Jan 22 20:08:54 localhost kernel: BUG: unable to handle kernel NULL pointer dereference at virtual address 00000006
Jan 22 20:08:54 localhost kernel:  printing eip:
Jan 22 20:08:54 localhost kernel: c022435f
Jan 22 20:08:54 localhost kernel: *pde = 00000000
Jan 22 20:08:54 localhost kernel: Oops: 0002 [#1]
Jan 22 20:08:54 localhost kernel: SMP 
Jan 22 20:08:54 localhost kernel: Modules linked in: ipt_MASQUERADE iptable_nat ip_nat ip_conntrack nfnetlink ip_tables x_tables ipv6 wlan_wep wlan_scan_sta wlan_scan_ap i8xx_tco dm_snapshot dm_mirror dm_mod sd_mod scsi_mod ide_generic ide_cd cdrom ath_rate_sample ath_pci wlan ath_hal pcmcia firmware_class i810_audio ac97_codec evdev parport_pc yenta_socket rsrc_nonstatic parport snd_intel8x0 pcmcia_core rtc snd_ac97_codec snd_ac97_bus psmouse snd_pcm snd_timer snd serio_raw soundcore shpchp pcspkr i2c_i801 pci_hotplug snd_page_alloc i2c_core intel_agp agpgart ext2 mbcache ide_disk piix e100 mii generic ide_core ehci_hcd uhci_hcd usbcore thermal processor fan
Jan 22 20:08:54 localhost kernel: CPU:    0
Jan 22 20:08:54 localhost kernel: EIP:    0060:[<c022435f>]    Tainted: P      VLI
Jan 22 20:08:54 localhost kernel: EFLAGS: 00010003   (2.6.18-5-686 #1) 
Jan 22 20:08:54 localhost kernel: EIP is at skb_dequeue+0x22/0x3f
Jan 22 20:08:54 localhost kernel: eax: 00000002   ebx: cf3bc860   ecx: cf2378c0   edx: 00000246
Jan 22 20:08:54 localhost kernel: esi: cd478080   edi: cf3bc86c   ebp: cf2d2580   esp: cd4d3ef0
Jan 22 20:08:54 localhost kernel: ds: 007b   es: 007b   ss: 0068
Jan 22 20:08:54 localhost kernel: Process aireplay-ng (pid: 2946, ti=cd4d2000 task=cf327000 task.ti=cd4d2000)

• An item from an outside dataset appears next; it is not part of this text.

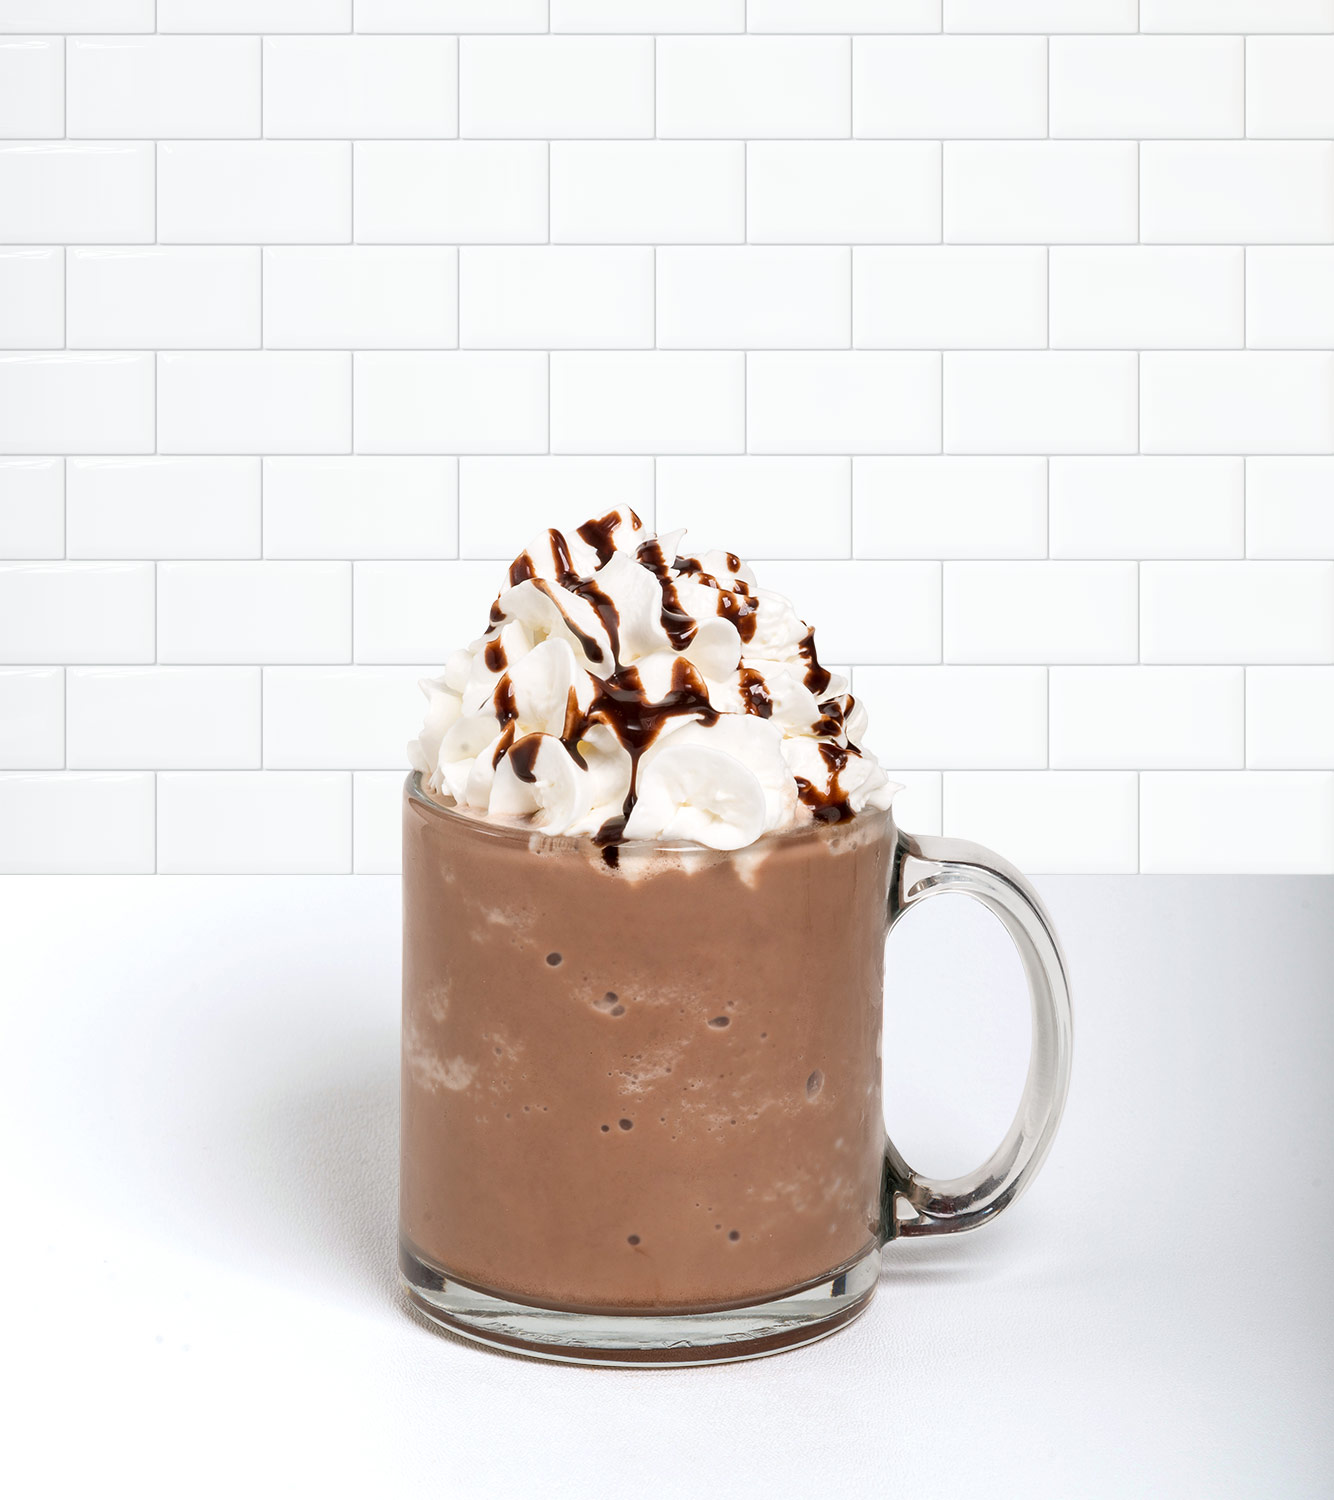 https://www.pjscoffee.com/uploads/frozen-hot-chocolate.jpg

Jan 22 20:08:54 localhost kernel: Stack: cf3bc860 cf3bc800 cf2d25a8 c02250b6 cf3bc8d0 c02784e7 c022228f cf3bc800 
Jan 22 20:08:54 localhost kernel:        00000000 c022024e 00000000 00000000 cf2d2580 cf2d25a8 ce706324 c0220e47 
Jan 22 20:08:54 localhost kernel:        cf2d25a8 ceb87cc0 c022110f 00000008 c015ae1d cf22b5c0 ceb87cc0 cf3293c0 
Jan 22 20:08:54 localhost kernel: Call Trace:
Jan 22 20:08:54 localhost kernel:  [<c02250b6>] skb_queue_purge+0x11/0x17
Jan 22 20:08:54 localhost kernel:  [<c02784e7>] packet_release+0x144/0x160
Jan 22 20:08:54 localhost kernel:  [<c022228f>] release_sock+0xc/0x91
Jan 22 20:08:54 localhost kernel:  [<c022024e>] sock_fasync+0x105/0x111
Jan 22 20:08:54 localhost kernel:  [<c0220e47>] sock_release+0x11/0x86
Jan 22 20:08:54 localhost kernel:  [<c022110f>] sock_close+0x26/0x2a
Jan 22 20:08:54 localhost kernel:  [<c015ae1d>] __fput+0x8a/0x13f
Jan 22 20:08:54 localhost kernel:  [<c0158986>] filp_close+0x4e/0x54
Jan 22 20:08:54 localhost kernel:  [<c011ead3>] put_files_struct+0x65/0xa7
Jan 22 20:08:54 localhost kernel:  [<c011fa44>] do_exit+0x1d1/0x71b
Jan 22 20:08:54 localhost kernel:  [<c0120004>] sys_exit_group+0x0/0xd
Jan 22 20:08:54 localhost kernel:  [<c0102c11>] sysenter_past_esp+0x56/0x79
Jan 22 20:08:54 localhost kernel: Code: c6 05 00 89 d8 5b 5e 5f c3 57 56 8d 78 0c 53 89 c3 89 f8 e8 fc c5 05 00 8b 33 39 de 89 c2 75 04 31 f6 eb 17 8b 06 ff 4b 08 89 03 <89> 58 04 c7 06 00 00 00 00 c7 46 04 00 00 00 00 89 f8 e8 32 c6 
Jan 22 20:08:54 localhost kernel: EIP: [<c022435f>] skb_dequeue+0x22/0x3f SS:ESP 0068:cd4d3ef0
Jan 22 20:08:54 localhost kernel:  <1>Fixing recursive fault but reboot is needed!